The Farmers Economic Empowerment Association has said it will no longer accept motorcycles as settlement for labour wages for foreign nationals who work as labourers in Nigerian farms during the current farming season.
The group at its national conference on Friday said instead of their usual practice of buying motorcycles as a means of payment for farm labour to foreigners, it had accepted that each labourer would be paid a sum of N400,000 as the fee for work done in the 2023 farming season.
It also added that wages would be determined by the amount of work done in subsequent years.
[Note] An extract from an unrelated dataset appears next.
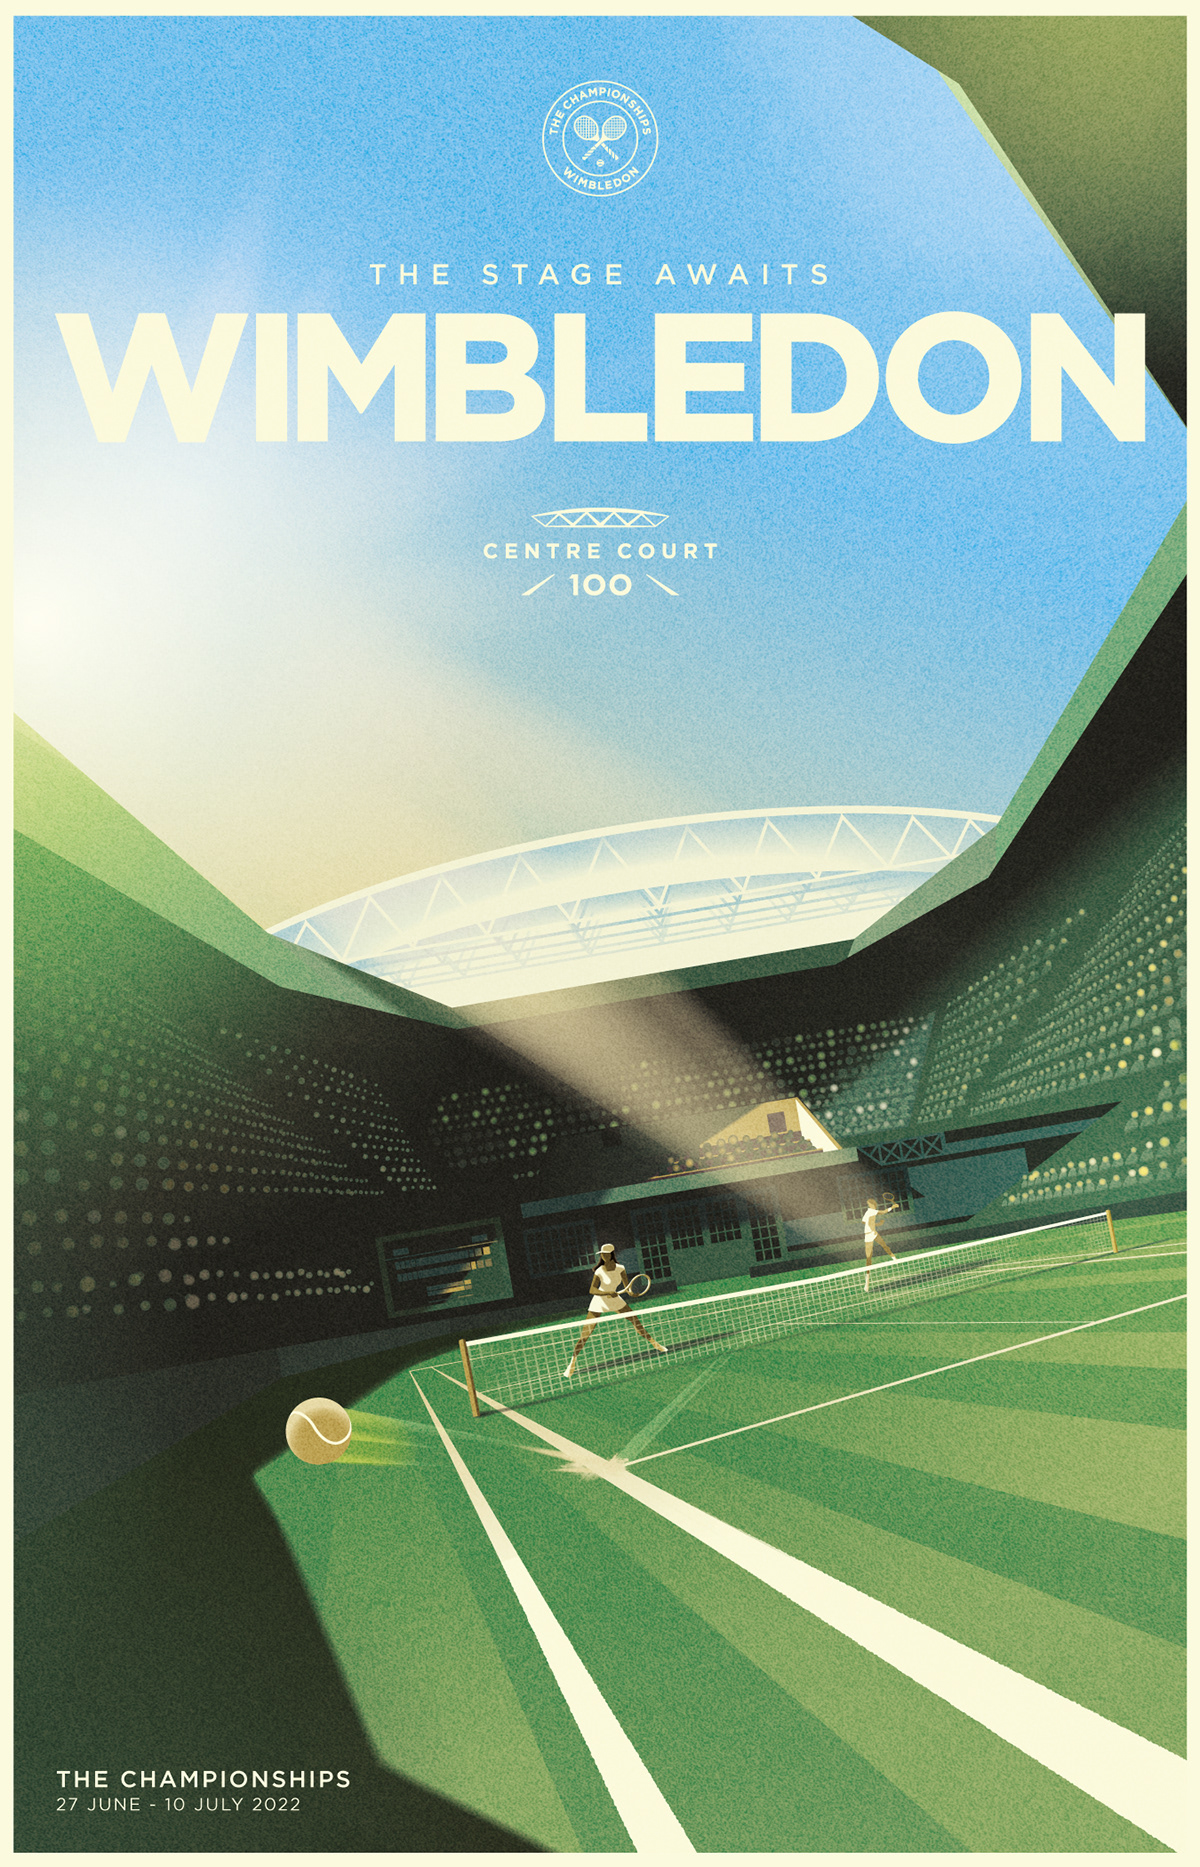 campaign design designer Digital Art  graphic design  tenis wimbledon

Before now, the farmers’ group had been paying foreign nationals from neighbouring countries, including Benin Republic, Togo, Cote D’Ivoire and Chad, who work on their farms during each year’s farming season with Bajaj motorcycles; a move the union said was now unacceptable.
Presenting the resolutions to the National Chairman of FEEMA, Prof Abubakar Ali-Agan, in Ilorin, Kwara State, on Saturday, a delegation led by Alhaji Abdulhameed Baba-Epe, said its resolutions were reached at the conference attended by members across the country, including Oyo, Kwara, Kogi, Niger, Ekiti and Osun, among other states.
In the communiqué presented to Ali-Agan, the association said it had affirmed the fact that farming is the backbone of the national economy, adding that any anomaly or dispute in the agricultural sector connotes a serious danger in the feeding of the nation.
“At the said conference, the members observed the anomaly of payment of a unit of Bajaj Boxer motorcycle by the members of the association to each labourer, even though the quantity of the works done does not tantamount to the exorbitant price of the motorcycle being paid”, the communiqué read.